Hany Abu-Assad's Rana's Wedding (2002), a Palestinian misfire about a marriage-minded debutante frustrated by gunfire and checkpoints, and Mohamed Zineddaine's Awakening(2003), a narcissistic Moroccan indie documenting its narration-crazed maker's sojourn in the desert, may be maddening, but the popular Tunisian menopausal-belly-dancing romance Satin Rouge (2002), released here last year, remains warmly secular, and Marianne Khoury's The Women Who Loved Cinema (2002) is as luxuriously addictive a film-history doc as Peter Delpeut's Diva Dolorosa.
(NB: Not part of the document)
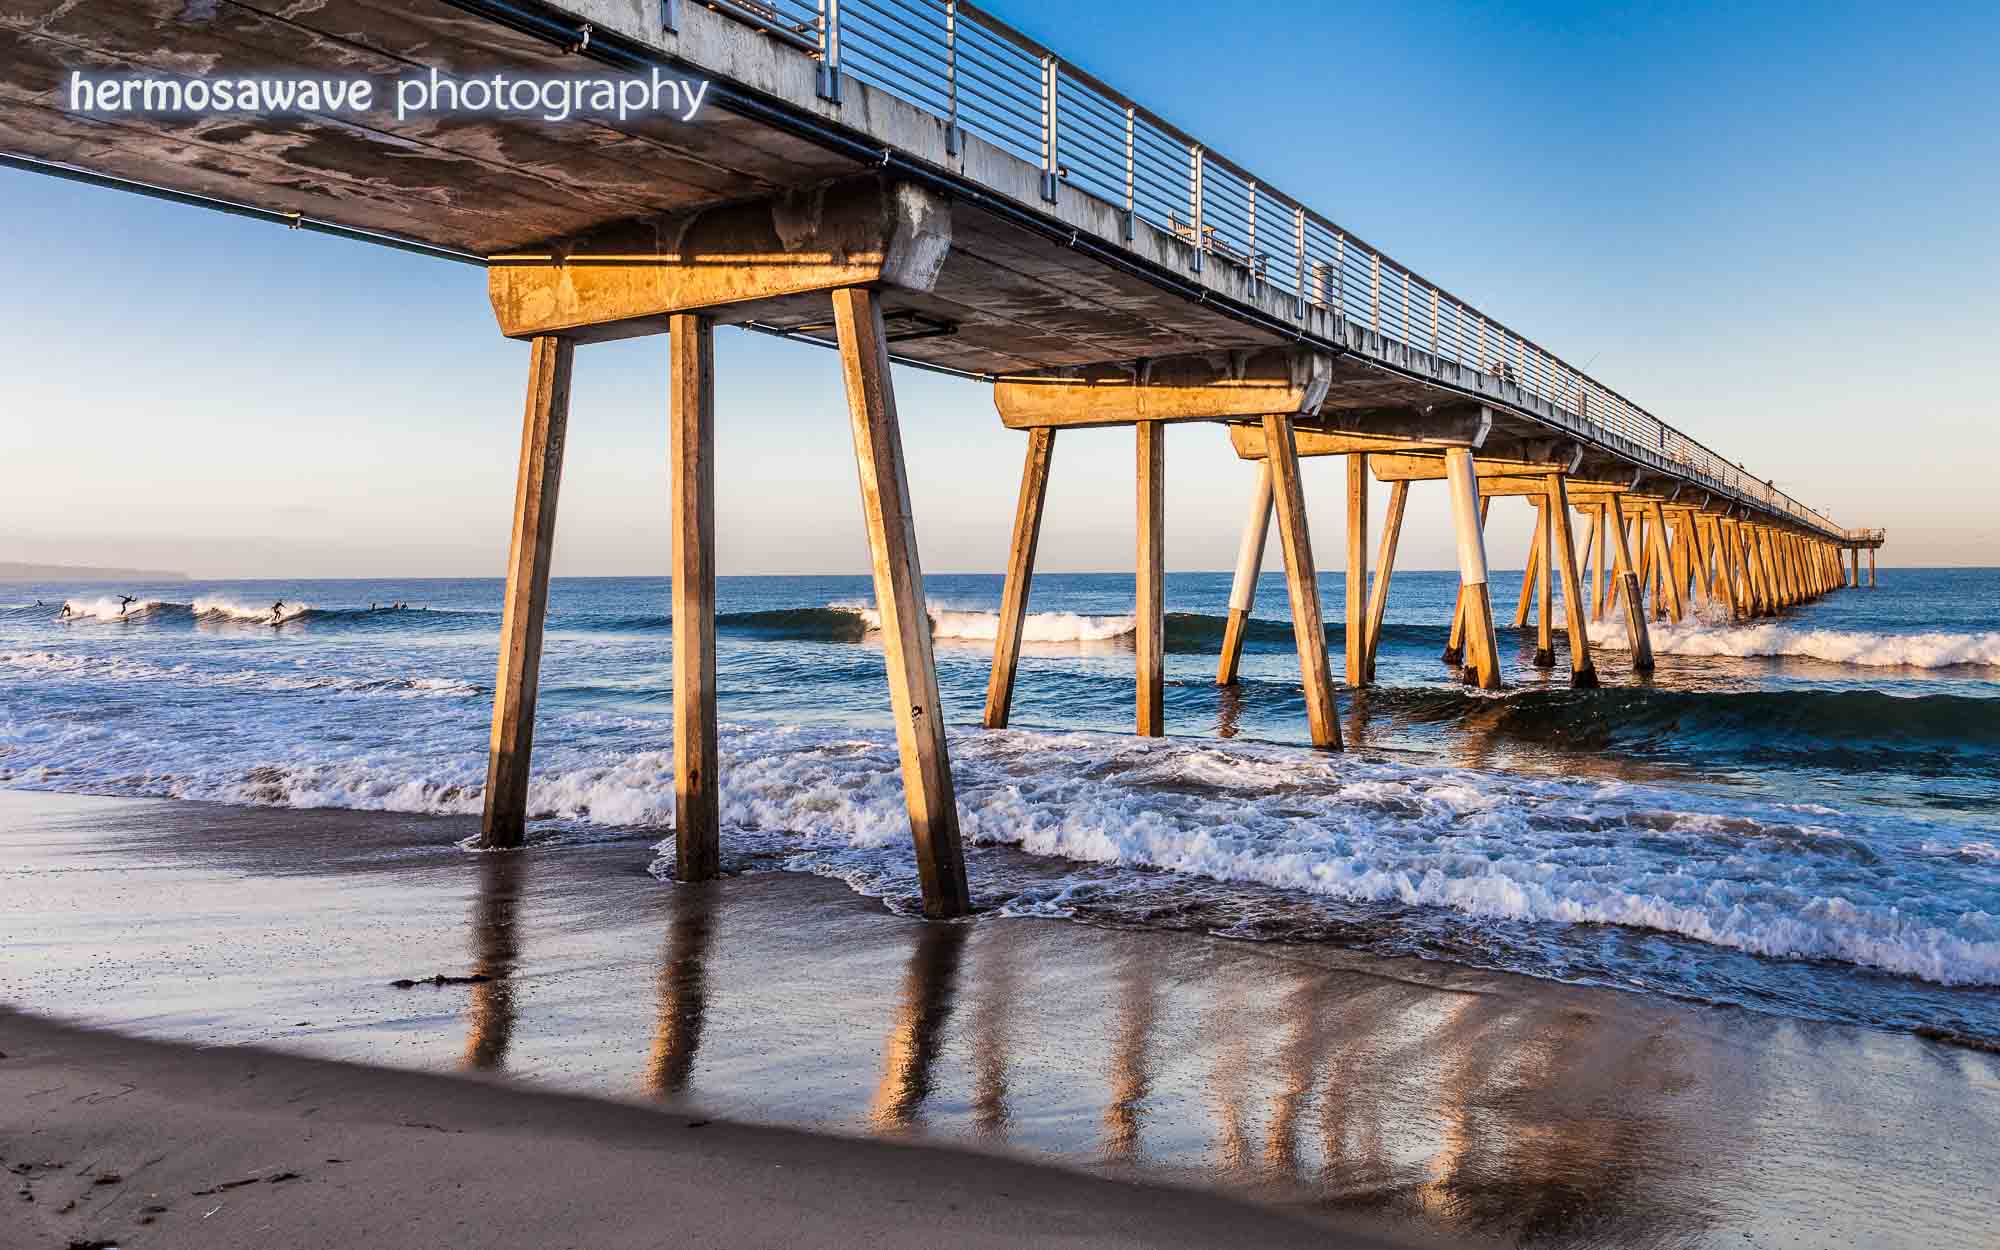 Morning at the Hermosa Pier

Better still, Faouzi Bensaidi's A Thousand Months (2003), probably the first Moroccan film to find its way into the New York Film Festival, is the only breakaway "art film" in the series—meaning Bensaidi, an ex-Téchiné associate, has absorbed the brine of Kiarostami and Hou, and composes his little-village satire in long, distanced, obliquely composed shots that allow you to occupy the dusty space on your own cognizance, and discover the characters (a boy cursed with caretaking his teacher's chair 24-7, a technician who covertly pulls the plug on the town's one TV every night so he can regale his girlfriend with the shows' unseen climaxes, an appointed official subject to self-destructive satyrdom, etc.) at your leisure. Even so, my favorite may be Nadir Mokneche's Viva Laldjerie (2003), an unpredictable, naturalistic drama about a cosmopolitan 27-year-old (the lovely Lubna Azabal) wasting herself on a married womanizer; her vain, campy ex-cabaret-dancer mother (Biyouna); and the Algiers around them, still reeling from the Islamic-terrorism-ravaged '90s, and still on the edge of ideology-versus-humanism warfare. By turns farcical, personality-rich, and profoundly observant, Mokneche's film has all of the ambivalence of a day in an Algerian Starbucks.